What is the stack pointer used for in this shellcode?-CodePudding

https://www.exploit-db.com/exploits/46907

global _start
section .text
_start:
    xor rsi,rsi
    push rsi
    mov rdi,0x68732f2f6e69622f
    push rdi
    push rsp
    pop rdi
    push 59
    pop rax
    cdq
    syscall

One instruction is push %rsp, which is followed by popping it in rdi. I am confused. According to the documentation, rdi in the execve syscall should contain the path name to the executable. What does it have to do with rsp here? Other shellcode don't manipulate rsp.

CodePudding user response：

Constructing data on the stack, and then copying the stack pointer to another reg, is totally normal. Lots of shellcode manipulates RSP.

push rsp / pop rdi is just a 2-byte version of mov rdi, rsp, and it comes after pushing a 0 and 8 bytes of ASCII data. (Which could have been written much more clearly in NASM syntax as mov rdi, '/bin//sh').

Single-step the asm with a debugger and look at memory pointed-to by RDI when syscall executes, and work backwards to understand how you got there.

It's weird that they golfed their mov rdi,rsp down to 2 bytes with push/pop but used a REX prefix on their xor-zeroing instruction. xor esi,esi is equivalent. NASM will optimize that source into xor esi,esi, but your link shows the disassembly.

Also, push 59 / pop rax is the standard 3-byte way to construct a small constant (__NR_execve) in a register without depending on any other register values. They could have done lea eax, [rsi 59] which is also 3 bytes and also avoids any 0 bytes. (5-byte mov eax, 59 would include an imm32 with three zero bytes, which is why most shellcode has to avoid it.)

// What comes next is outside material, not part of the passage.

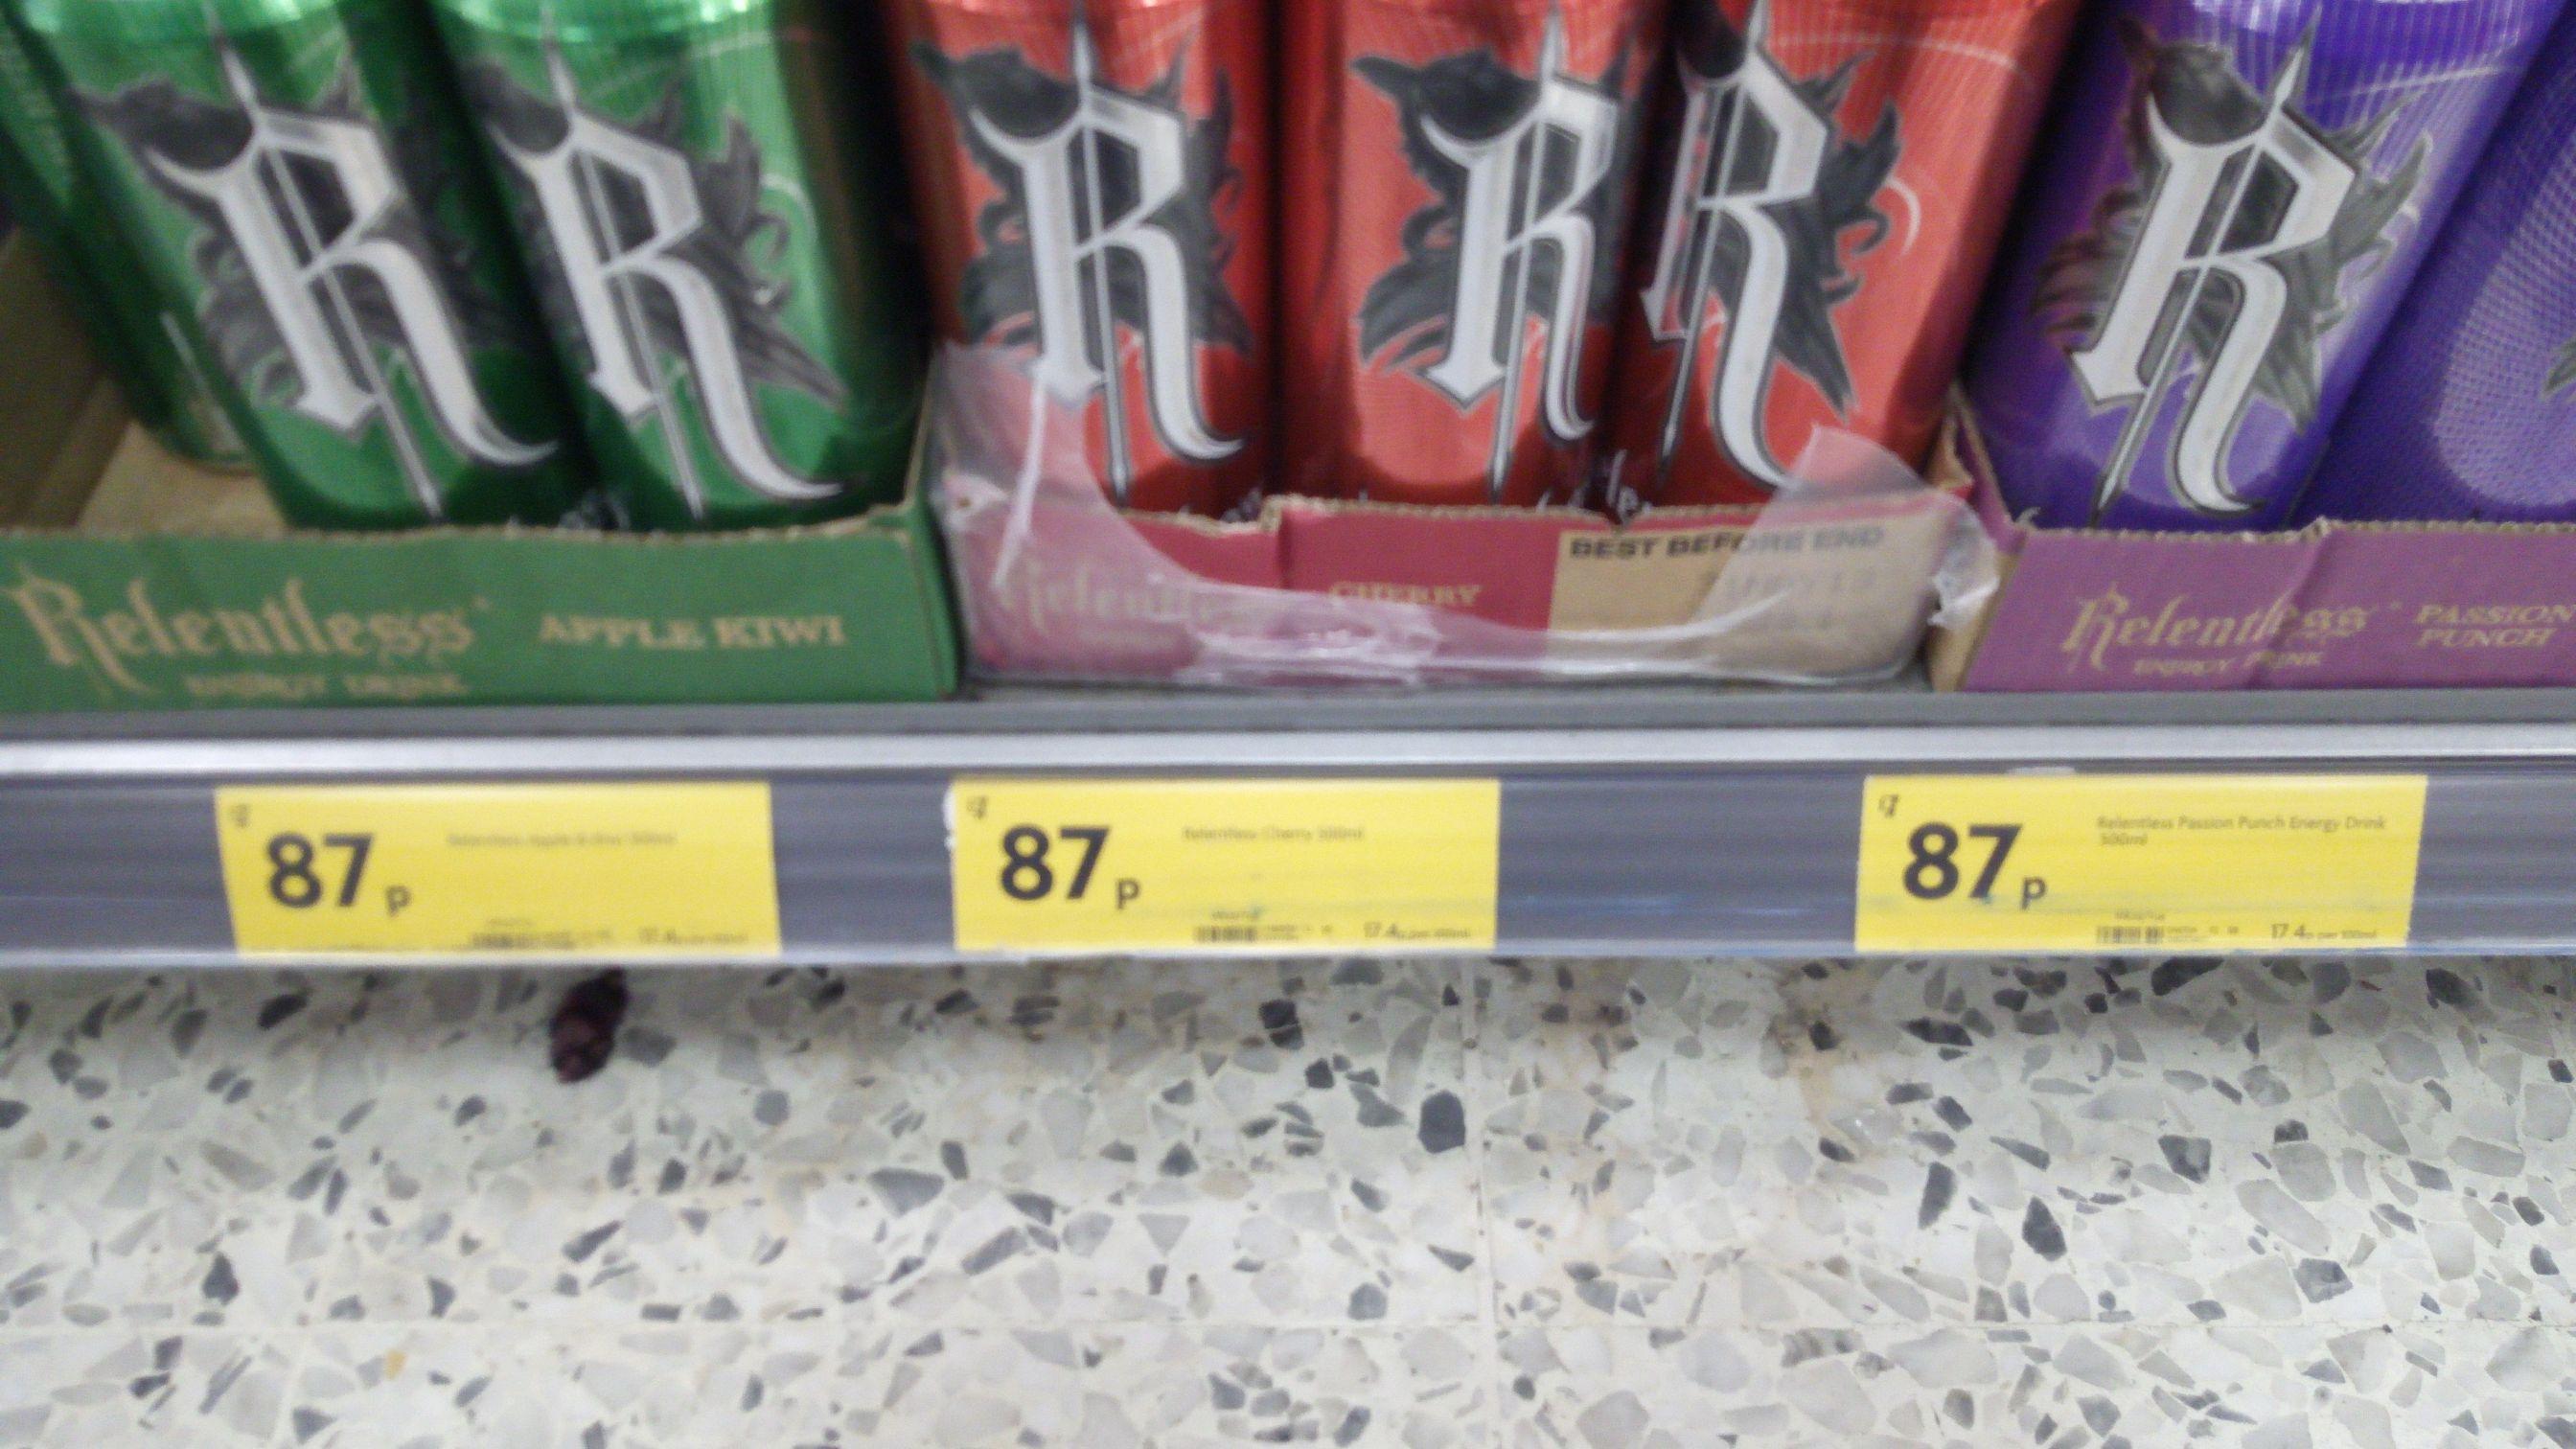 Morrisons Relentless drinks - 87p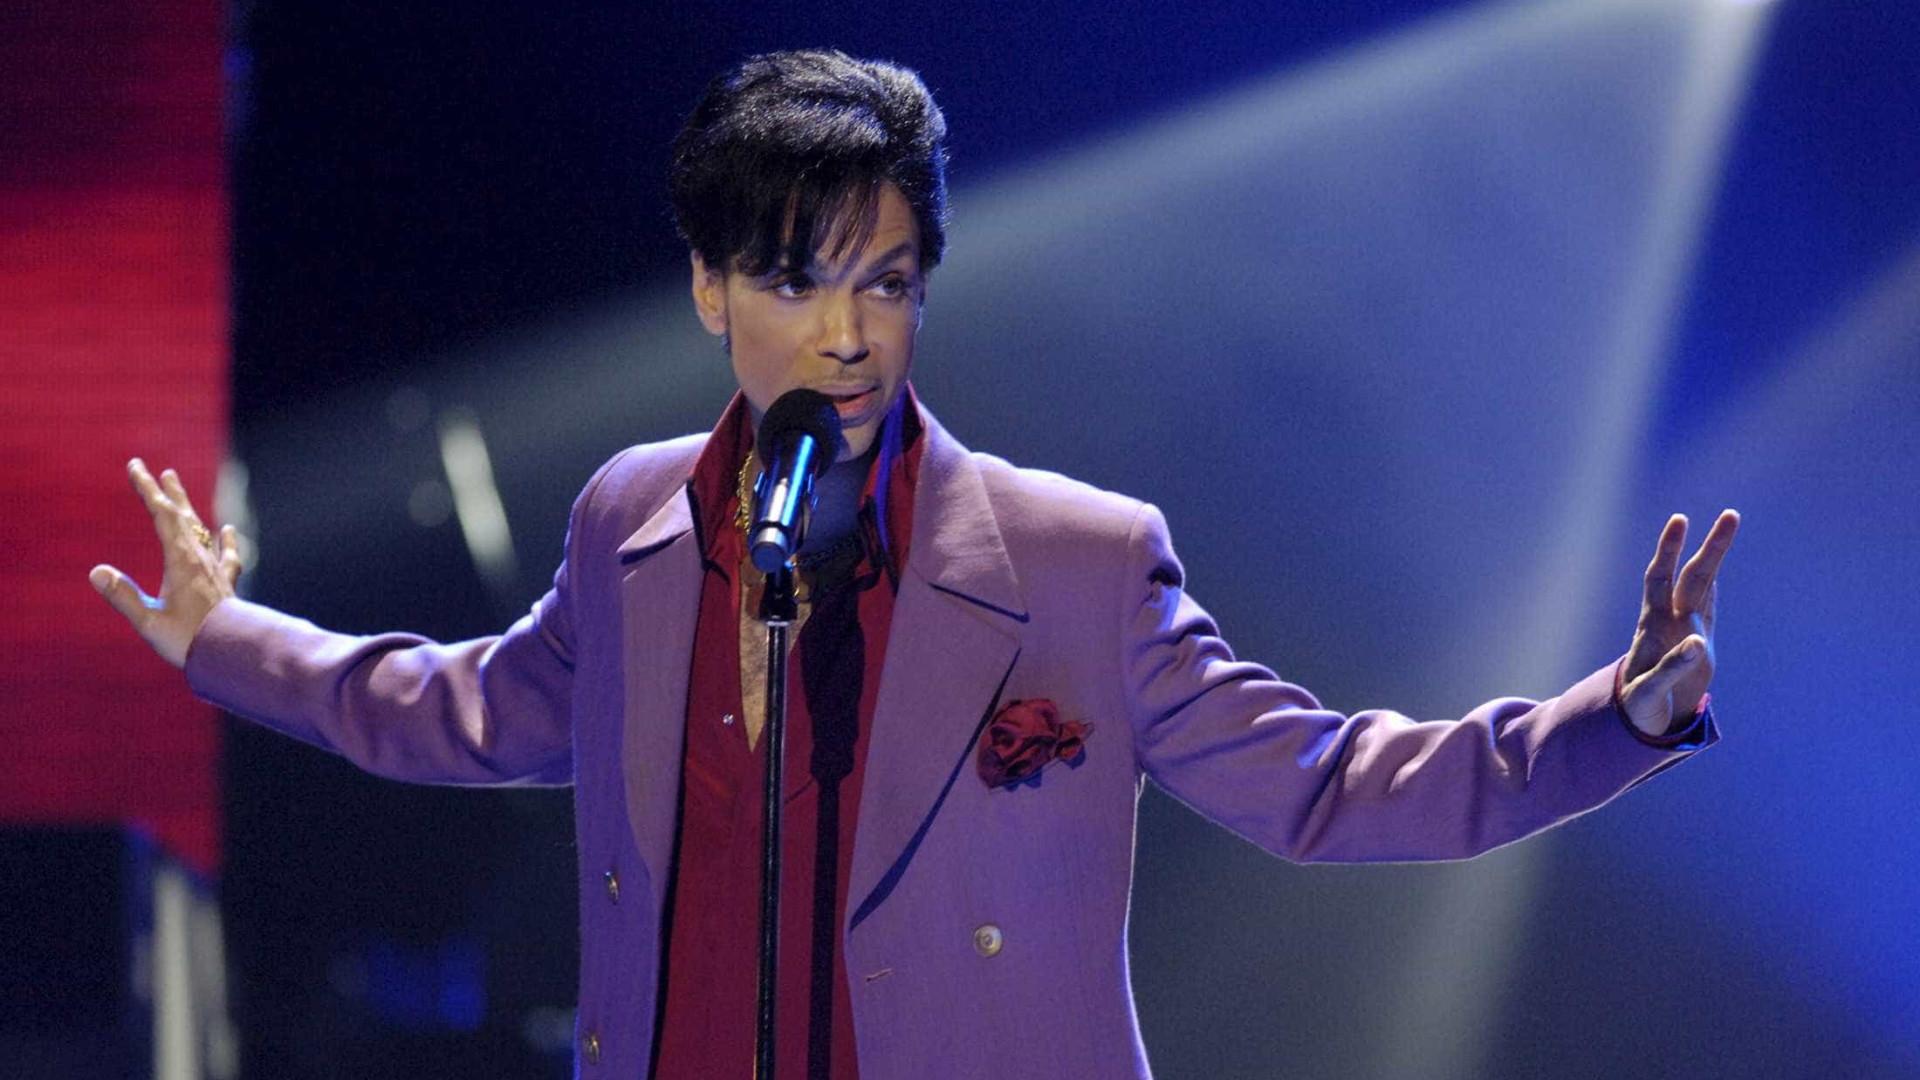 Prince: inquérito não identifica suspeito da morte do cantor

cdq just sets RDX=0 (envp=NULL), since EAX is signed positive at that point. Another code-golfy way to save bytes vs. xor edx,edx. And they apparently knew about taking advantage of implicit zeroing of the full 64-bit reg when writing a 32-bit reg (EDX) in this case, so it's even more strange they used 64-bit xor-zeroing for RSI. Maybe they didn't know much about x86-64 and didn't even realize that cqo would explicitly use 64-bit operand-size, sign-extending RAX into RDX:RAX, and had intended to use 64-bit everywhere because they thought they needed to.